Work task: From the line that holds "Half Moon Lazy" down to the last line of the listing below, transcribe exactly and only those lines. Leave pictures out.

Dataset section:
--------------------
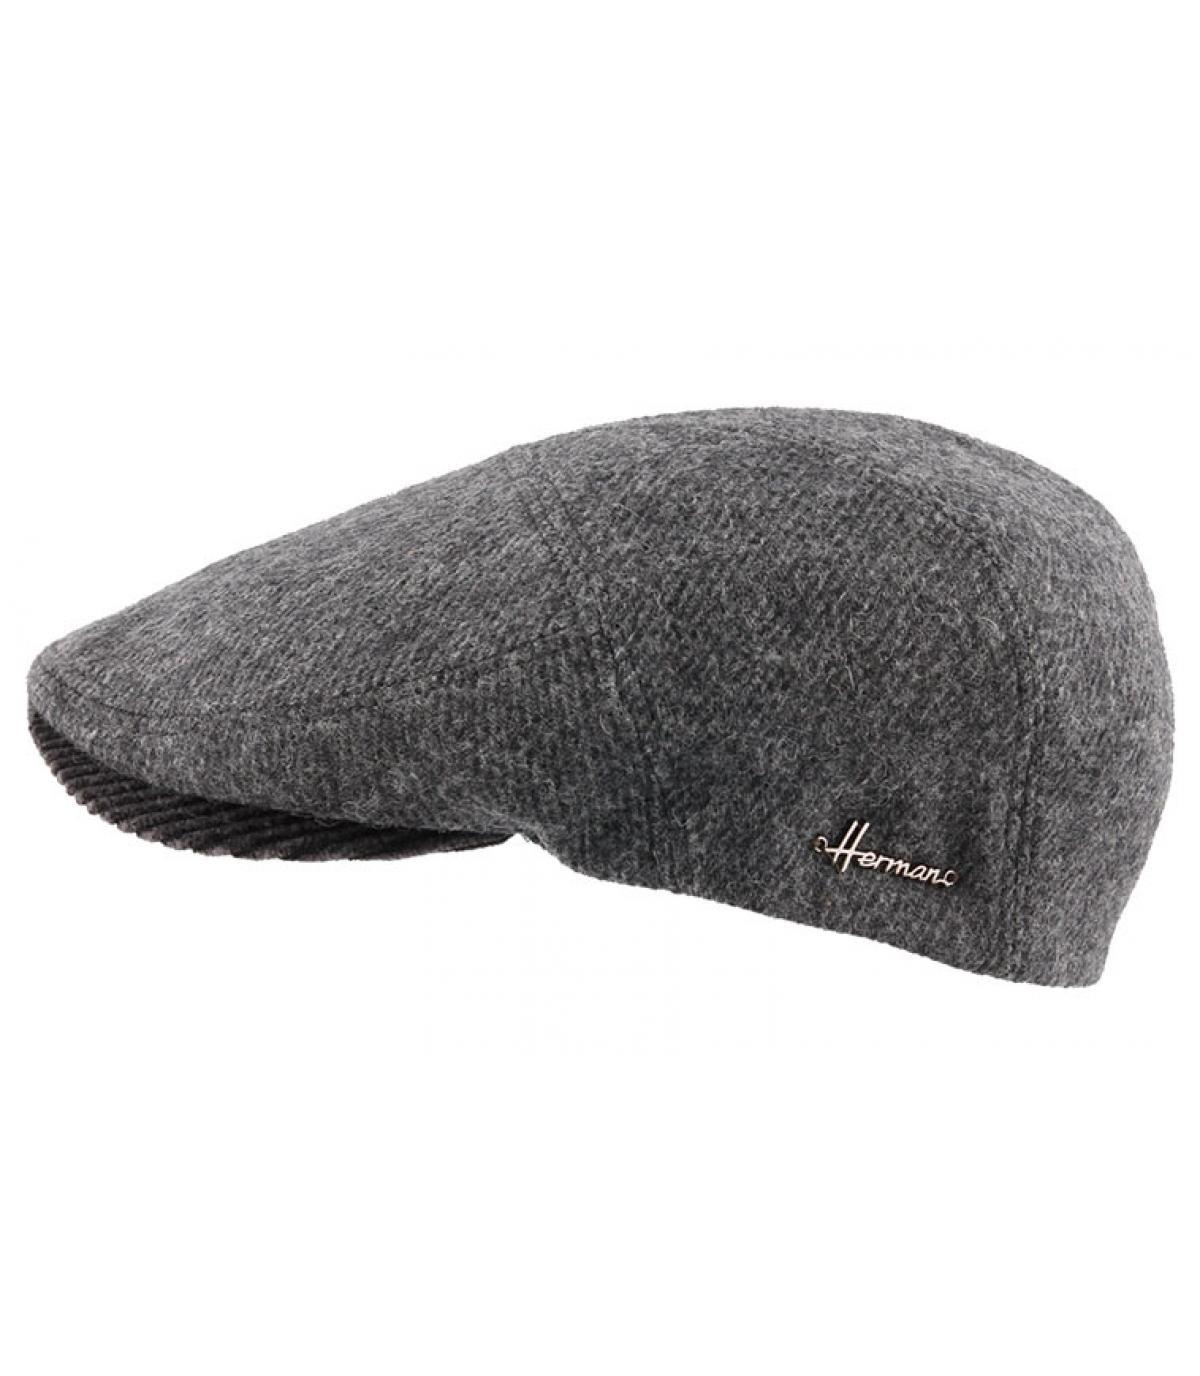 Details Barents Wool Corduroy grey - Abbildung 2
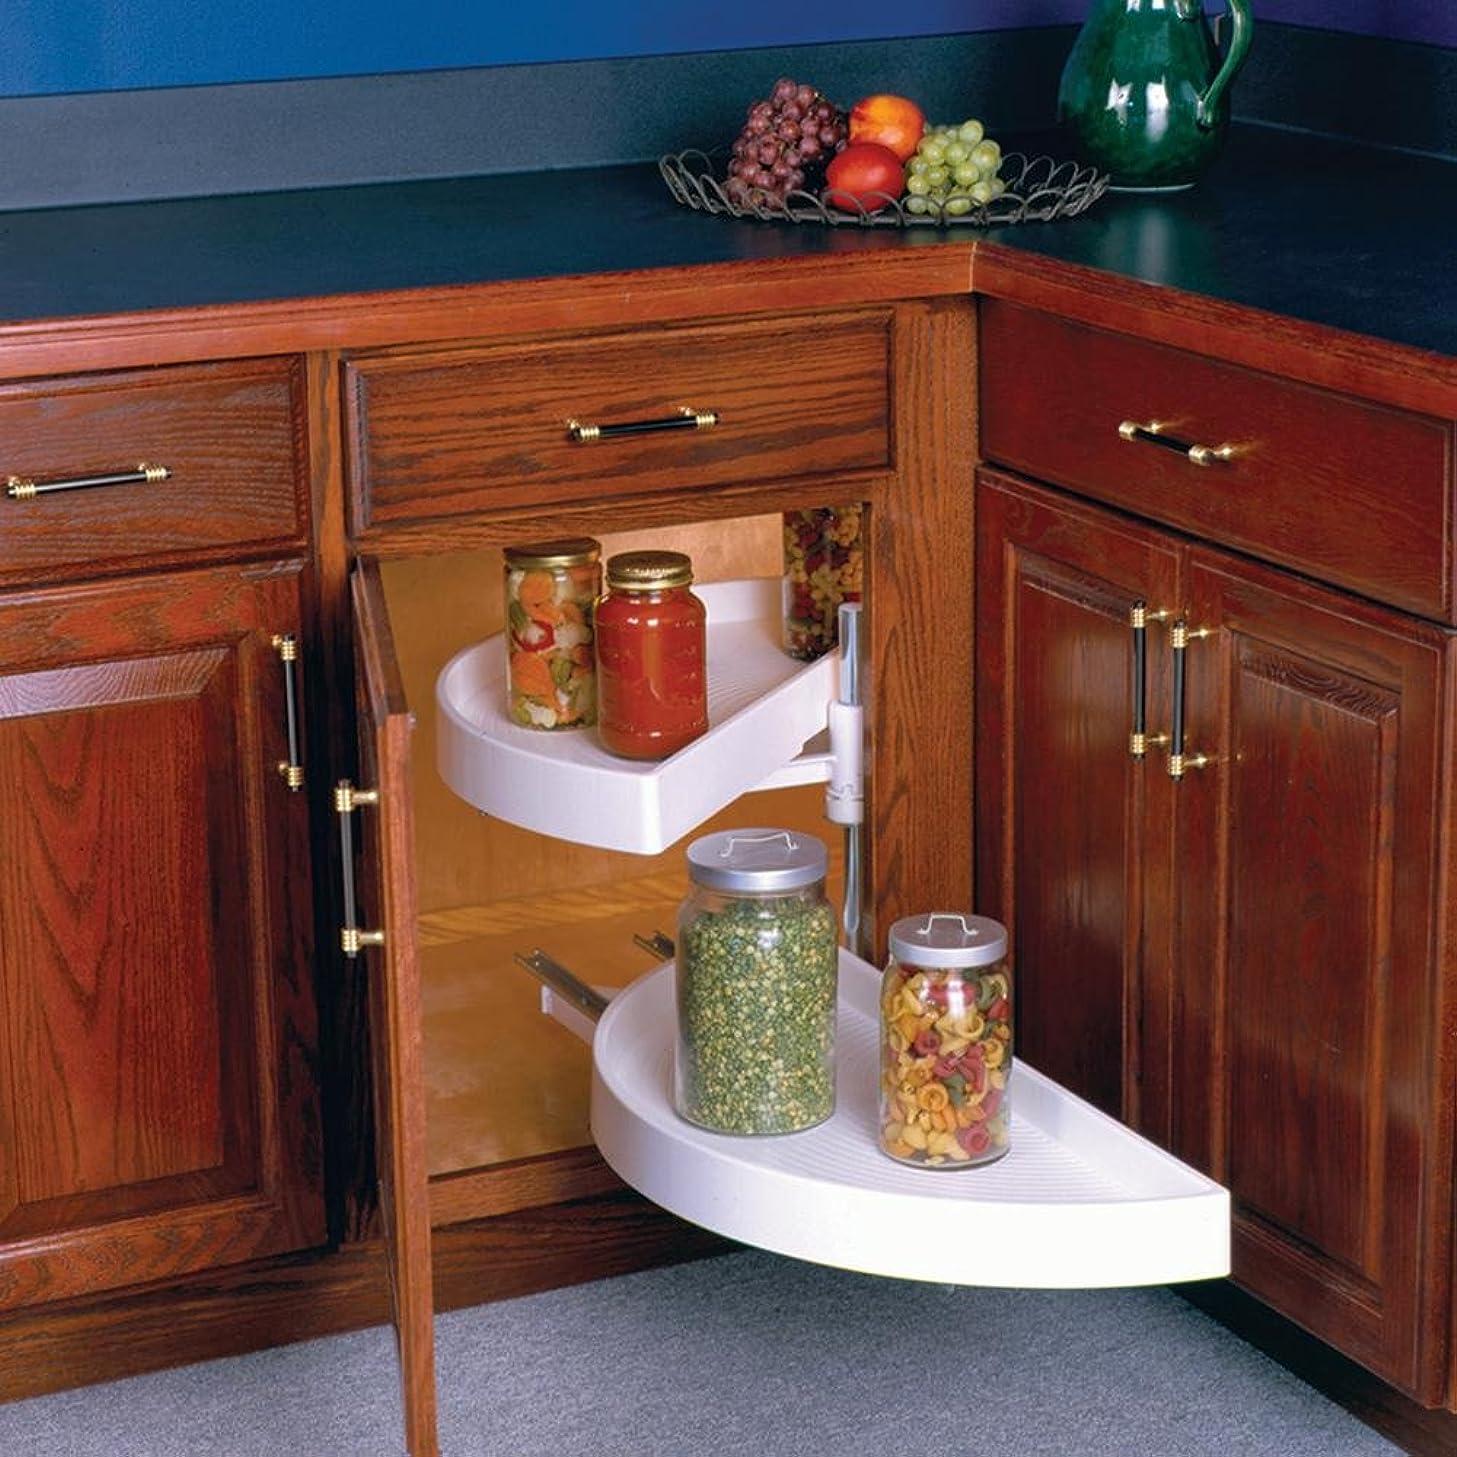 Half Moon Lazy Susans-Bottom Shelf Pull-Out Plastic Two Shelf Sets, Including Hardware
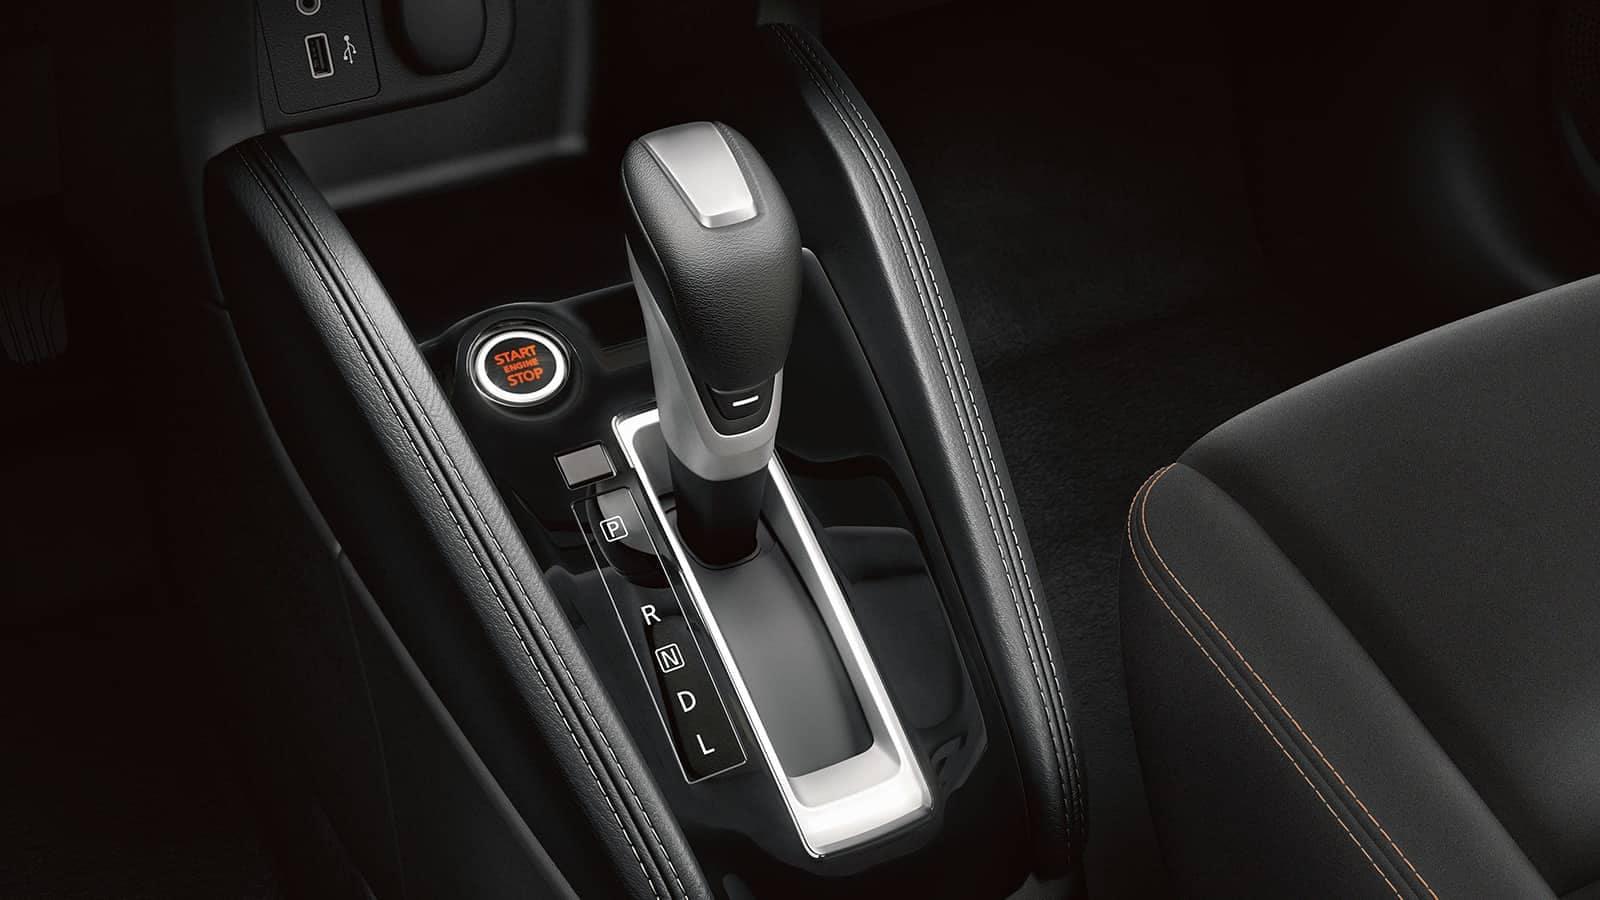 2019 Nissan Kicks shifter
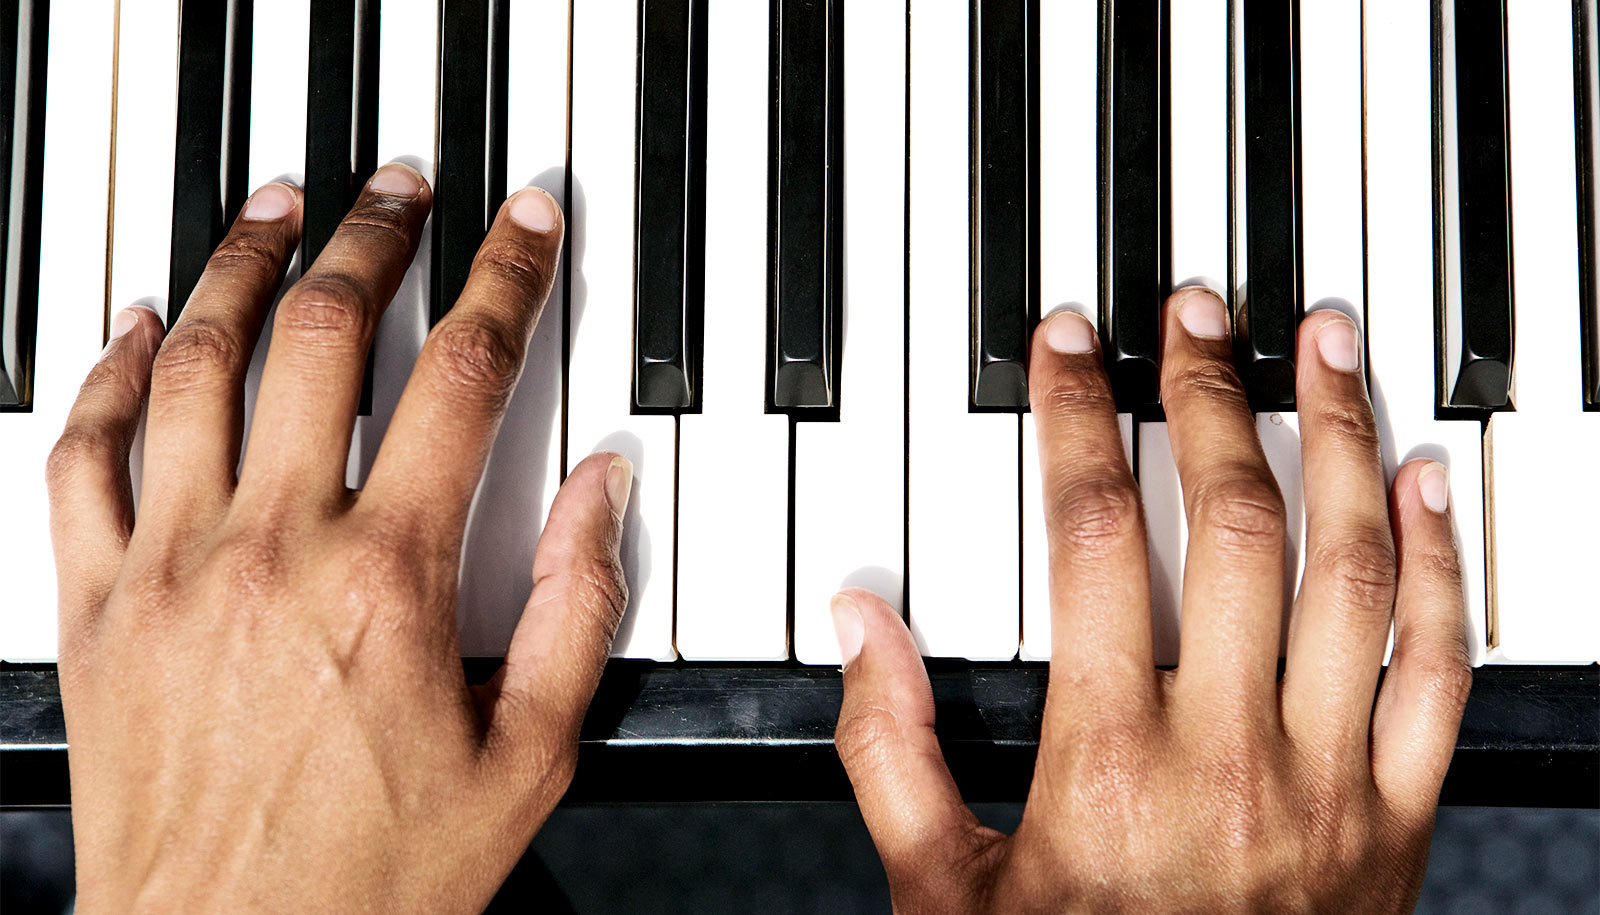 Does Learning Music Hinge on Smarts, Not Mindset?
--------------------
Task output:
 Half Moon Lazy Susans-Bottom Shelf Pull-Out Plastic Two Shelf Sets, Including Hardware
 2019 Nissan Kicks shifter
 Does Learning Music Hinge on Smarts, Not Mindset?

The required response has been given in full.